Et, dans le silence qui suivit, il reconstitua la vie de Daubrecq. Il le voyait maître de cette liste, usant de son pouvoir, sortant peu à peu de l'ombre, jetant à pleines mains l'argent qu'il extorquait à ses victimes, se faisant nommer conseiller général, député, régnant par la menace et par la terreur, impuni, inaccessible, inattaquable, redouté du gouvernement qui aime mieux se soumettre à ses ordres que de lui déclarer la guerre, respecté par les pouvoirs publics, si puissant enfin qu'on avait nommé secrétaire général de la préfecture de police, contre tous droits acquis, Prasville, pour ce seul motif qu'il haïssait Daubrecq d'une haine personnelle.

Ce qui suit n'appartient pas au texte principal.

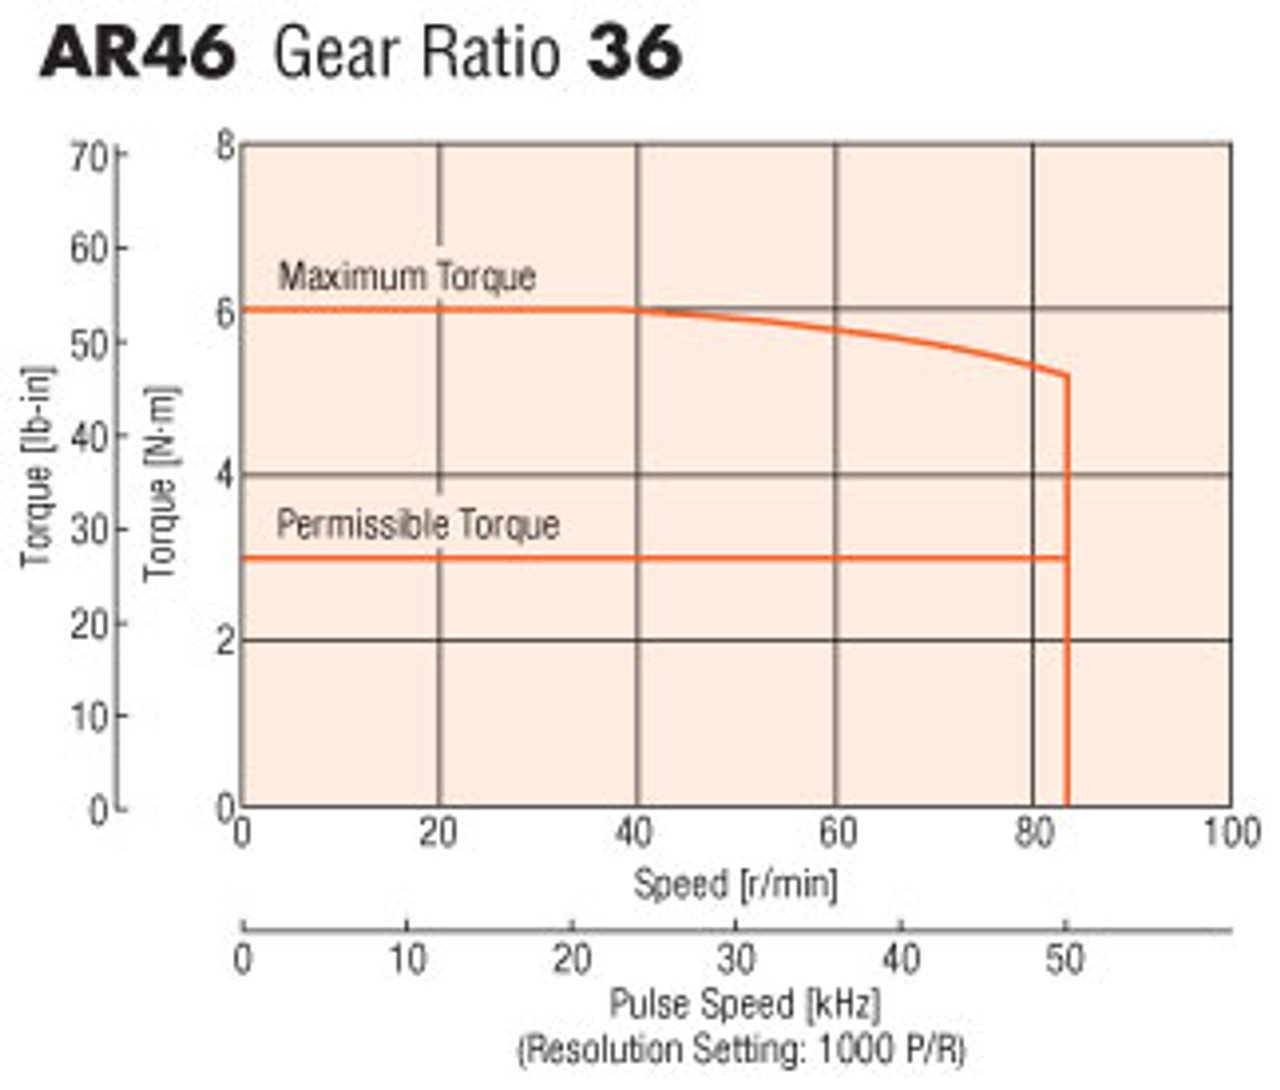 AR46MC-PS36-3 - Speed-Torque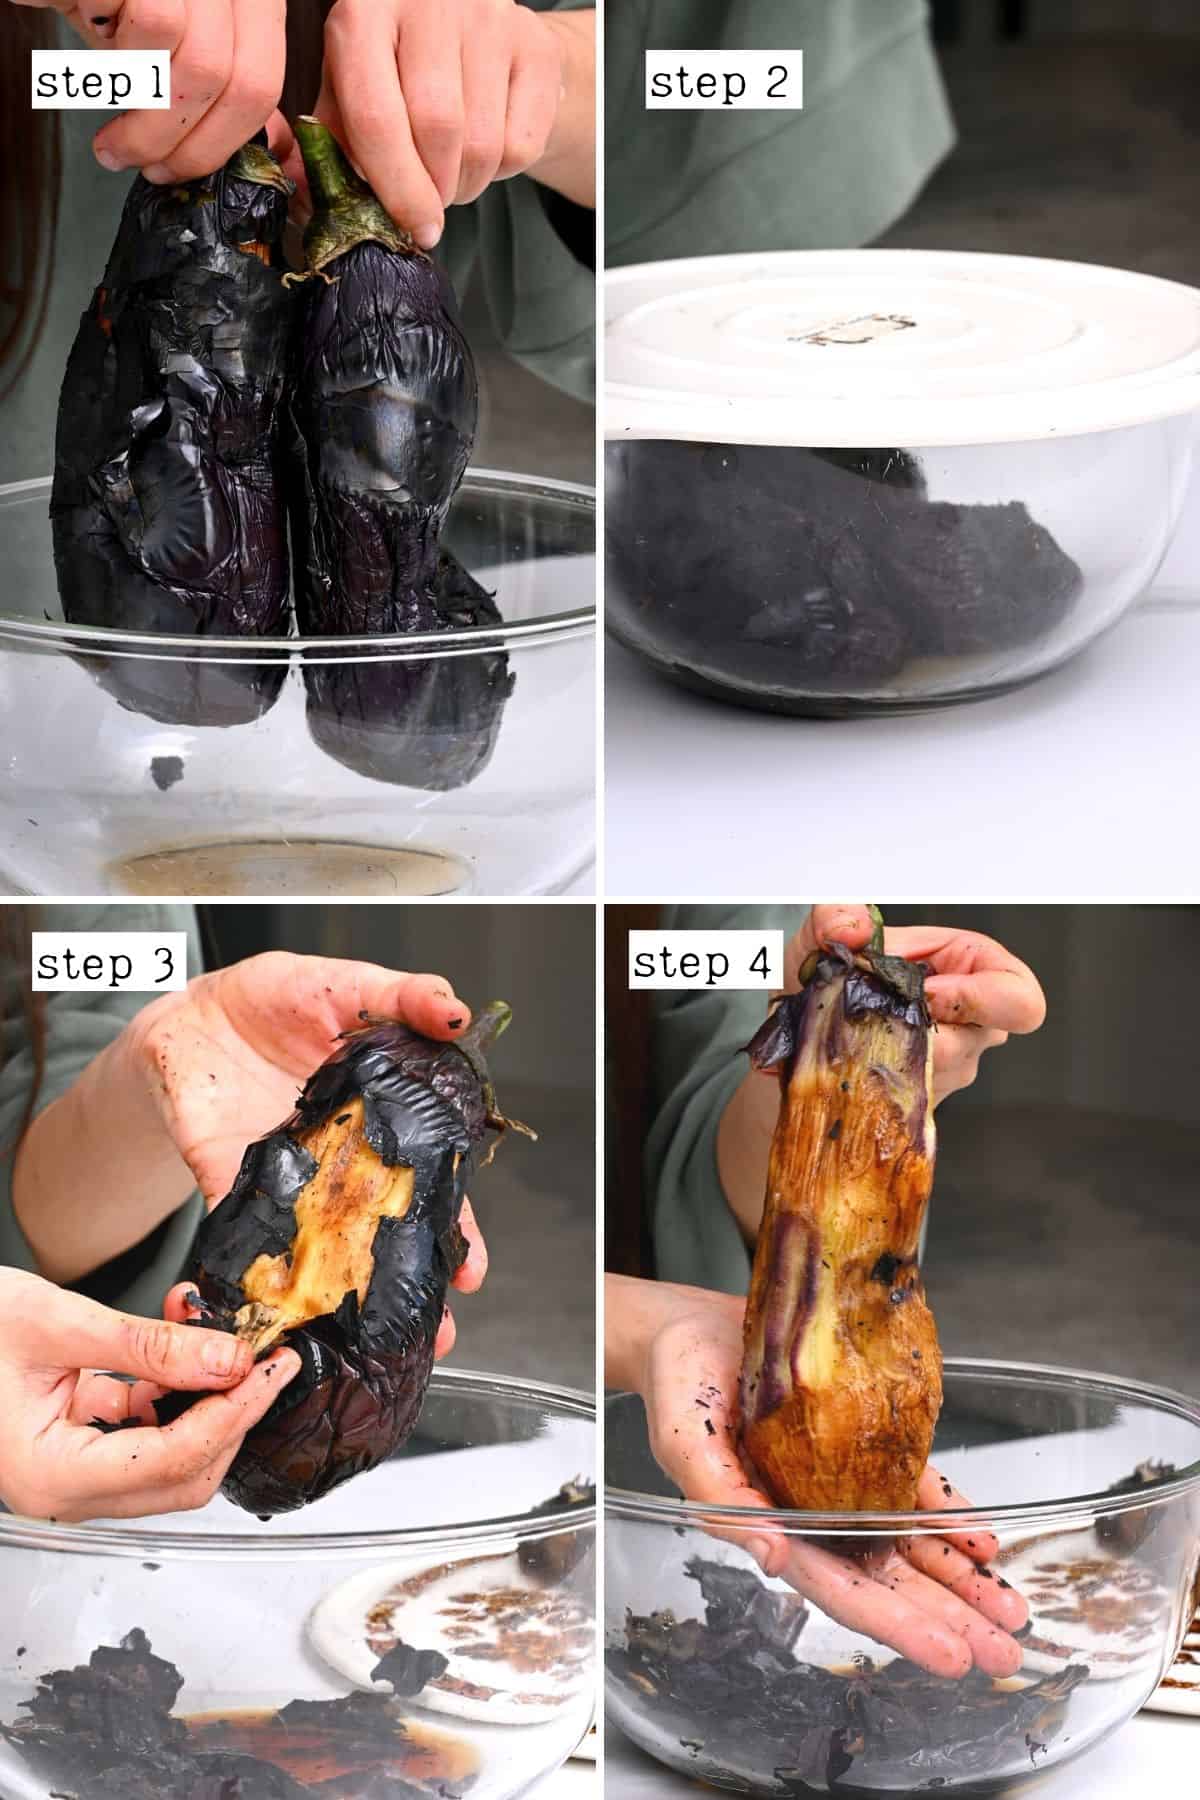 Steps for peeling charred eggplant

— Et vous l'avez revu ? dit-il.
— Je l'ai revu. Il le fallait. Mon mari était mort, mais son honneur demeurait intact. Nul n'avait soupçonné la vérité. Pour défendre tout au moins le nom qu'il me laissait, j'ai accepté une première entrevue avec Daubrecq.
— Une première, en effet, car il y en a eu d'autres ?…
— Beaucoup d'autres, prononça-t-elle d'une voix altérée, oui, beaucoup d'autres… au théâtre… ou certains soirs à Enghien… ou bien à Paris, la nuit… car j'avais honte de le voir, cet homme, et je ne veux pas qu'on le sache… Mais il le fallait… un devoir plus impérieux que tout me le commandait… le devoir de venger mon mari…
Elle se pencha sur Lupin, et ardemment :
— Oui, la vengeance, ce fut la raison de ma conduite et le souci de toute ma vie. Venger mon mari, venger mon fils perdu, me venger, moi, de tout le mal qu'il m'a fait… je n'avais plus d'autre rêve, d'autre but. Je voulais cela, l'écrasement de cet homme, sa misère, ses larmes — comme s'il pouvait encore pleurer ! — ses sanglots, son désespoir…
— Sa mort, interrompit Lupin, qui se souvenait de la scène entre eux dans le bureau de Daubrecq.
— Non, pas sa mort. J'y ai pensé souvent. J'ai même levé le bras sur lui. Mais à quoi bon ! Il a dû prendre ses précautions. Le papier subsisterait. Et puis, ce n'est pas se venger que de tuer. Ma haine allait plus loin. Elle voulait sa perte et sa déchéance, et pour cela, un seul moyen, lui arracher ses griffes. Daubrecq privé de ce document qui le rend si fort, Daubrecq n'existe plus. C'est la ruine immédiate, le naufrage, et dans quelles conditions lamentables ! Voilà ce que j'ai cherché.
— Mais Daubrecq ne pouvait se méprendre sur vos intentions ?
— Certes non. Et ce fut, je vous le jure, d'étranges rendez-vous que les nôtres, moi le surveillant, tâchant de deviner derrière ses gestes et derrière ses paroles le secret qu'il cache… et lui… et lui…
— Et lui, dit Lupin, achevant la pensée de Clarisse Mergy… lui, guettant la proie qu'il désire… la femme qu'il n'a jamais cessé d'aimer… et qu'il aime… et qu'il veut de toutes ses forces, et de toute sa rage…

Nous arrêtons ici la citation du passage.